Дом солидный, бревенчатый, на окнах разрисованные наличники, только крыша по-современному крыта железом. Только Николай потянулся к ручке на двери, как она резко распахнулась, на пороге воздвигся, иначе не скажешь, хозяин.

Здравствуйте, — оторопело сказал Николай. Он ожидал увидеть если не глубокого старца, то уж точно мужчину пожилого, умудренного годами и опытом. А встретил его здоровенный мужик за два метра ростом, довольно молодой и заметно недружелюбный. Зеленые глаза настороженно сверкали из-под кустистых бровей. Аура вокруг него тоже поразила Николая, самая обычная аура, энергетика среднего человека. Николай даже решил, что ошибся домом. Гигант тем временем ответил на приветствие:

— И вам поздорову. Чего надо-то?

— Я ищу Смирнова, Виктора Ерофеевича. Здесь проживает такой?

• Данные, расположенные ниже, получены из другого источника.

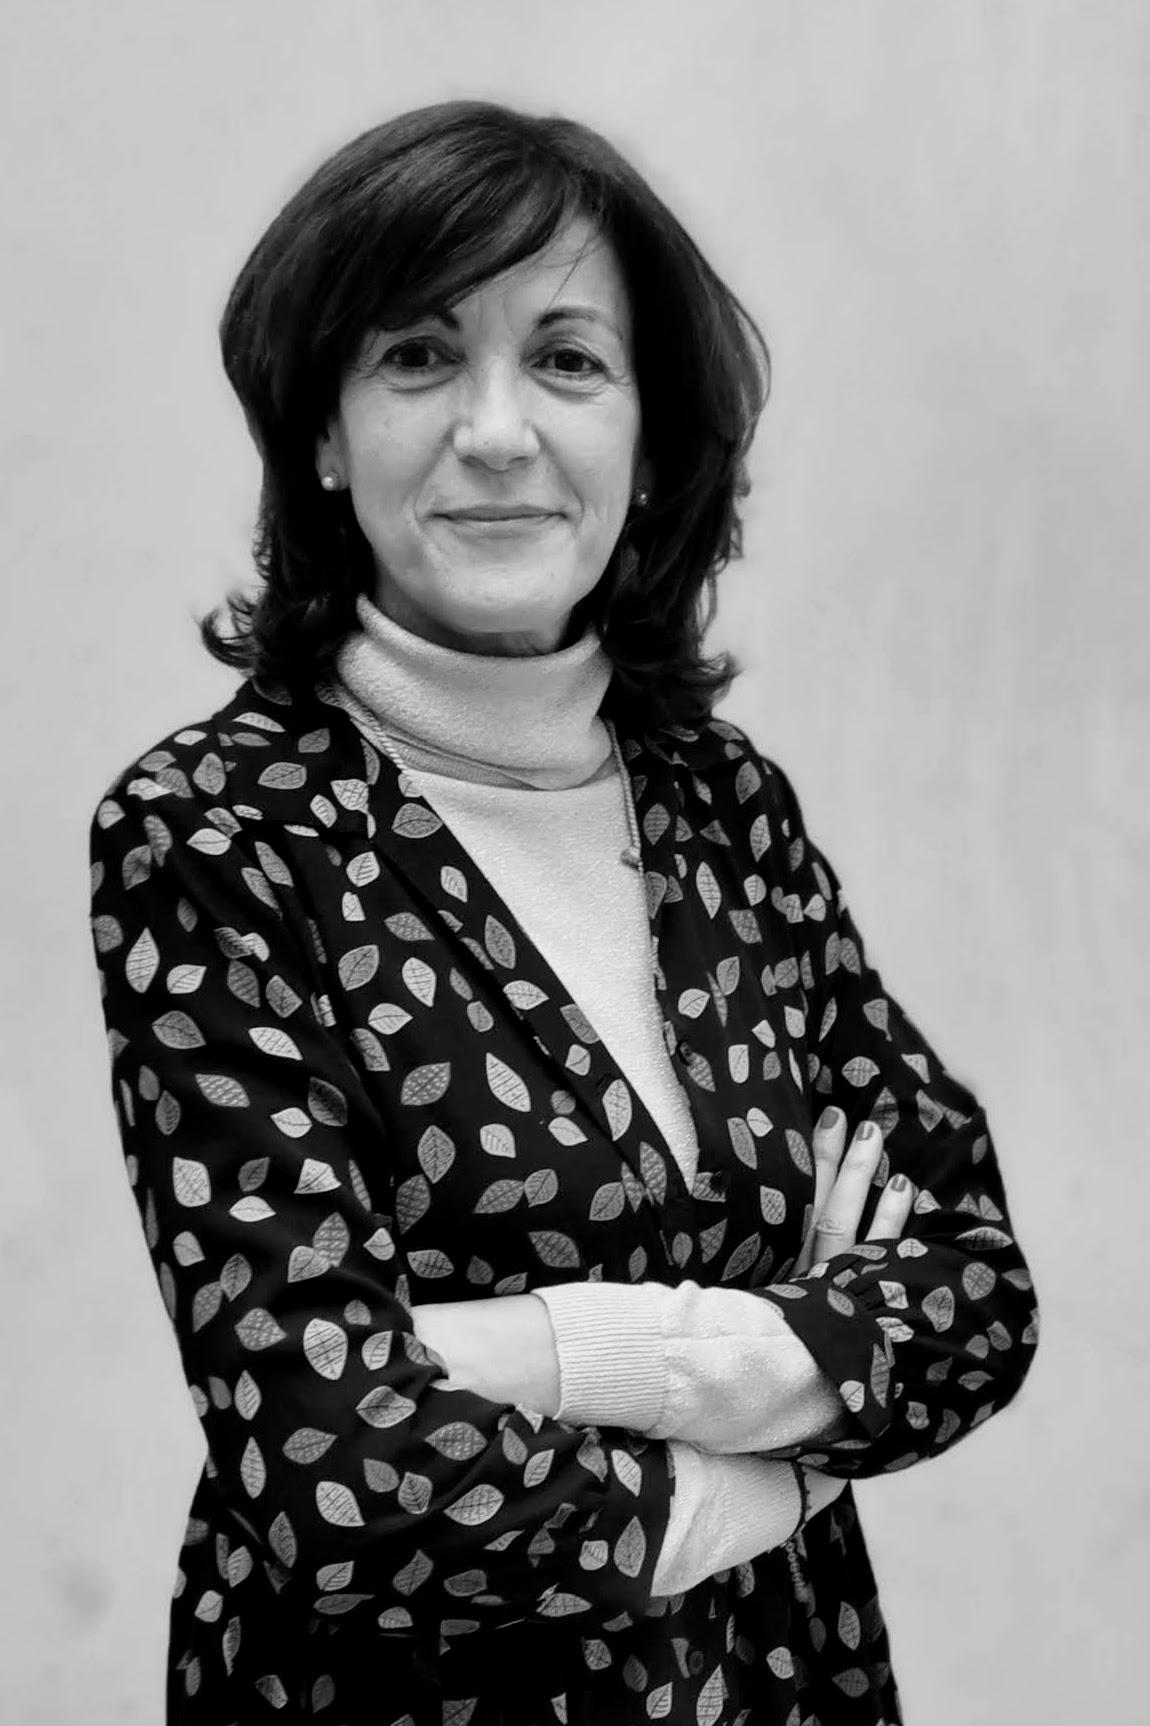 Elvira Caspers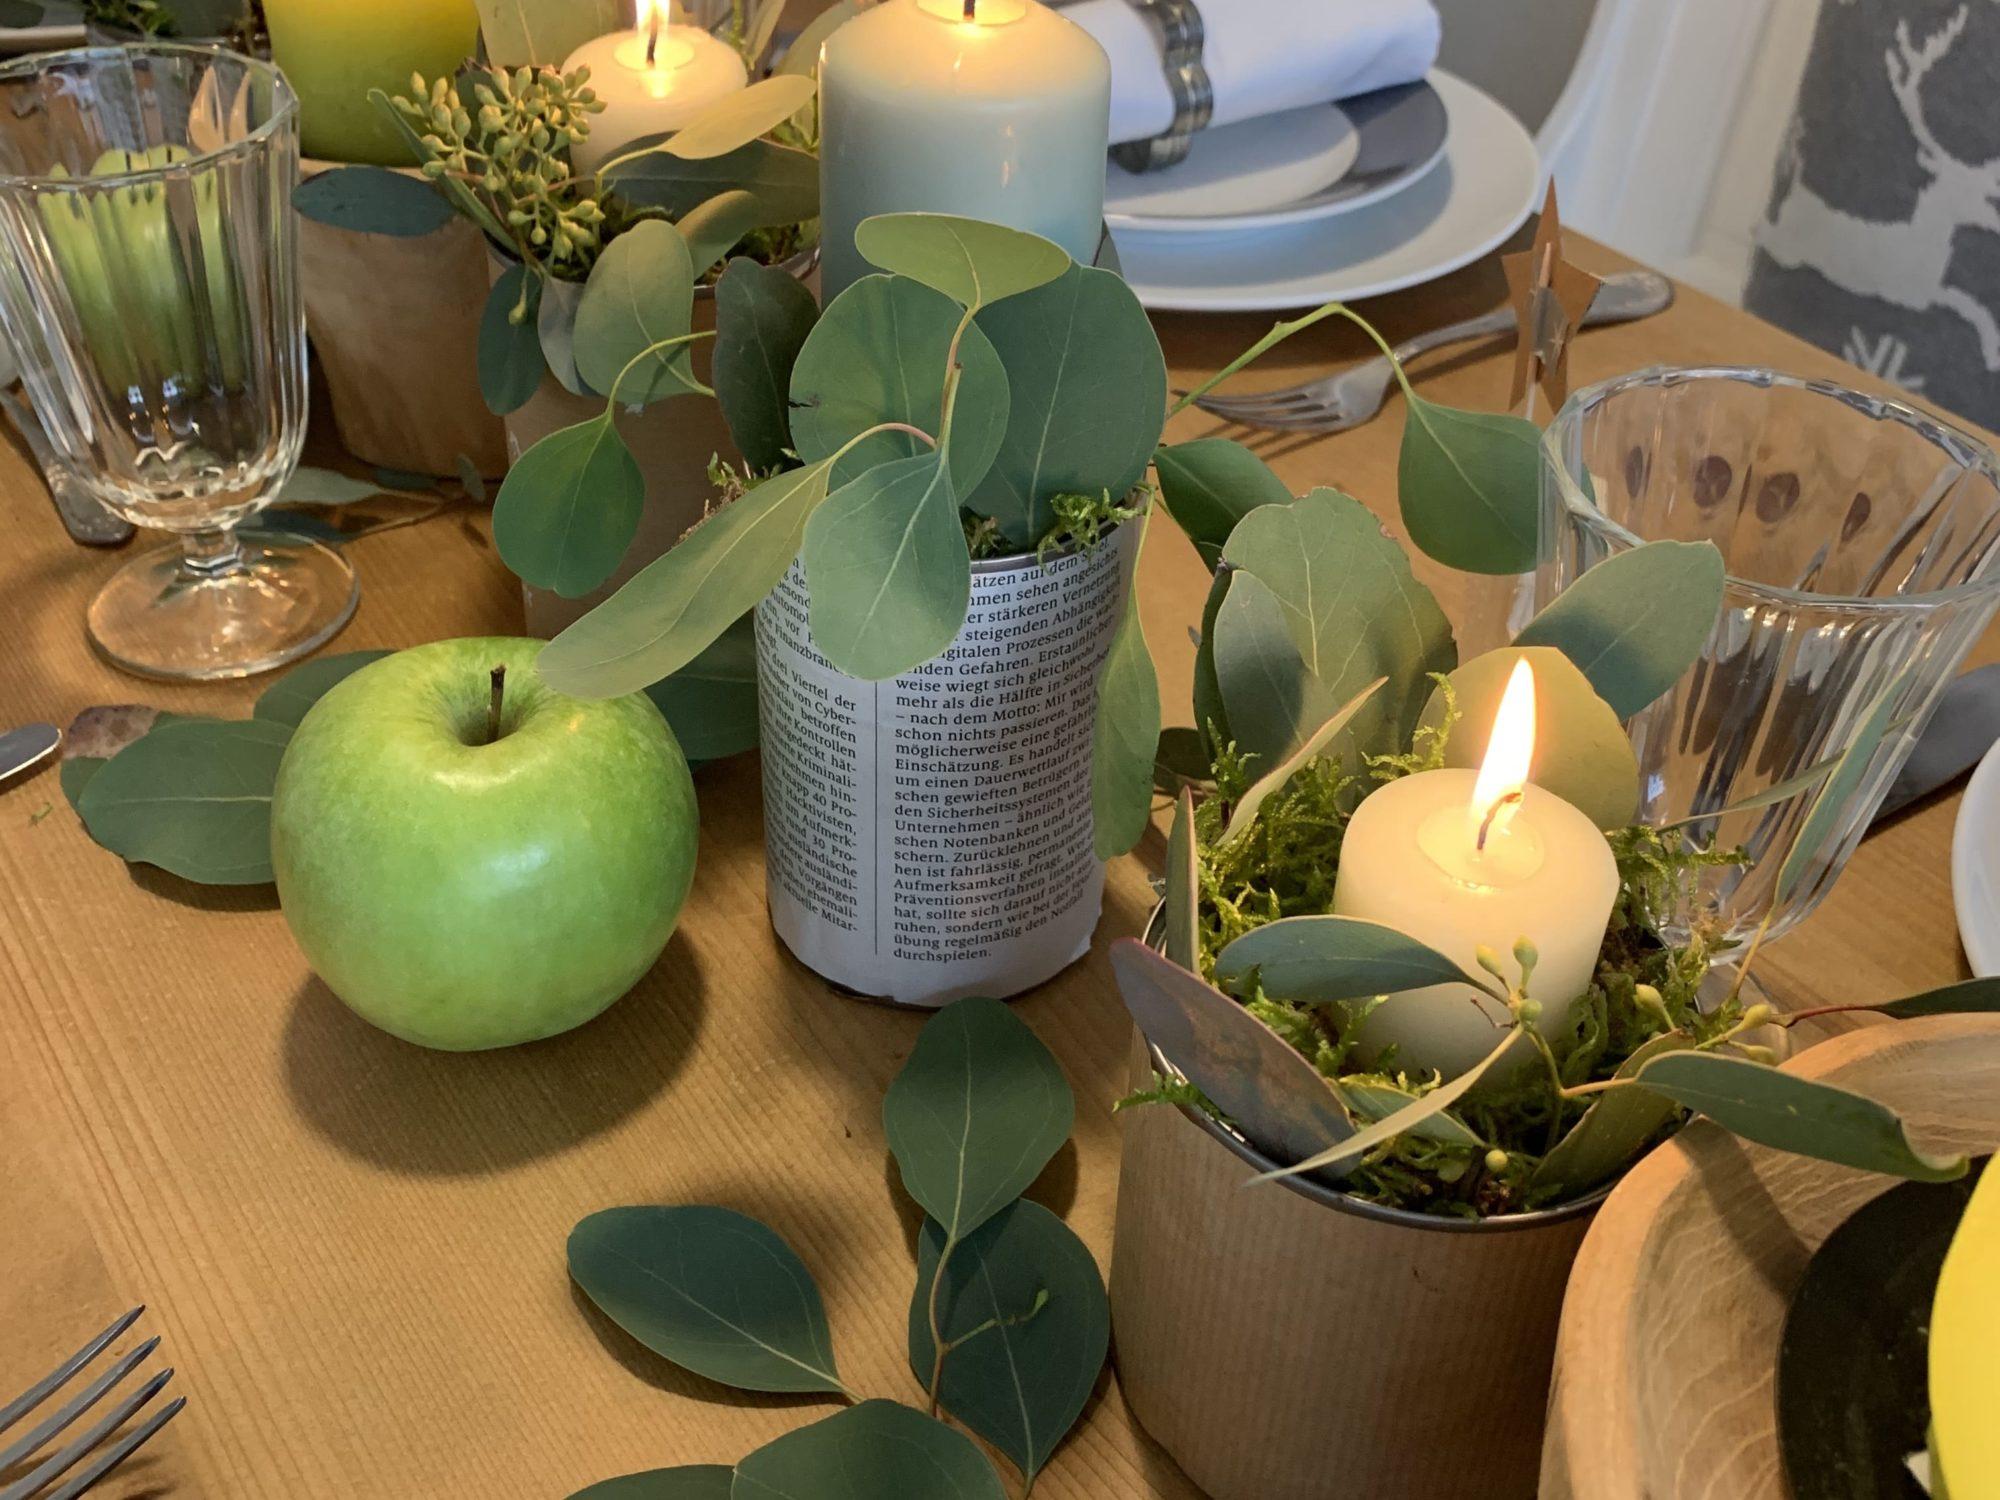 Tischdeko an Weihnachten mit einfachen DIYs. Weihnachtstisch mit Liebe dekorieren. Idee fürTischdekoration an Weihnachten. #Chalet8 #Yeswewood #Tischdeko #Weihnachten

— Да, я проживаю именно здесь, — ответил человек-гора. Николай оторопел вторично. Этот громила и есть тот самый Смирнов?

— Ваш адрес мне дал дядя, ныне покойный, Огрев Эдуард Валентинович, вот: начал Николай, запинаясь, но его грубо перебили.

— Шел бы ты отсюда, мил человек. И больше не приходи, понял? — Смирнов надвинулся угрожающе, глаза налились кровью, багровая дымка поплыла вокруг головы. Николай невольно попятился:

— Нет, вы не поняли. Мне помощь нужна.

— Все я понял. Ходят тут всякие. Проваливай, пока цел. Помощь ему!

Так пятясь, Николай вышел со двора. Развернулся и пошел к остановке. Осознание того, что идти больше некуда, обрушилось топором палача. Внутри стало пусто, мысли разбежались в испуге. Не было даже волнения, он просто шел, куда несли ноги. Ехал на троллейбусе, пересаживался, лица попутчиков сливались в одно. В какой-то миг осознал себя на автостанции покупающим билет на пригородный рейс. Не успел удивиться, как пустота вновь нахлынула, затмила сознание. За окном автобуса мелькали городские огни, затем они пропали. Рев мотора стих, в ноги ударила земля и вот вокруг уже шумят деревья, Николай без страха и сомнений шагает куда-то через темный лес. Впереди возник свет, слабый, но различимый. Потом пришли запахи — запахи подворья, послышалось мычание. Николай принялся дубасить руками в какую-то дверь. Дверь открыли, от неожиданности едва не упал. Сильные руки подхватили, в голове что-то гулко лопнуло, Николая вырвало и он потерял сознание.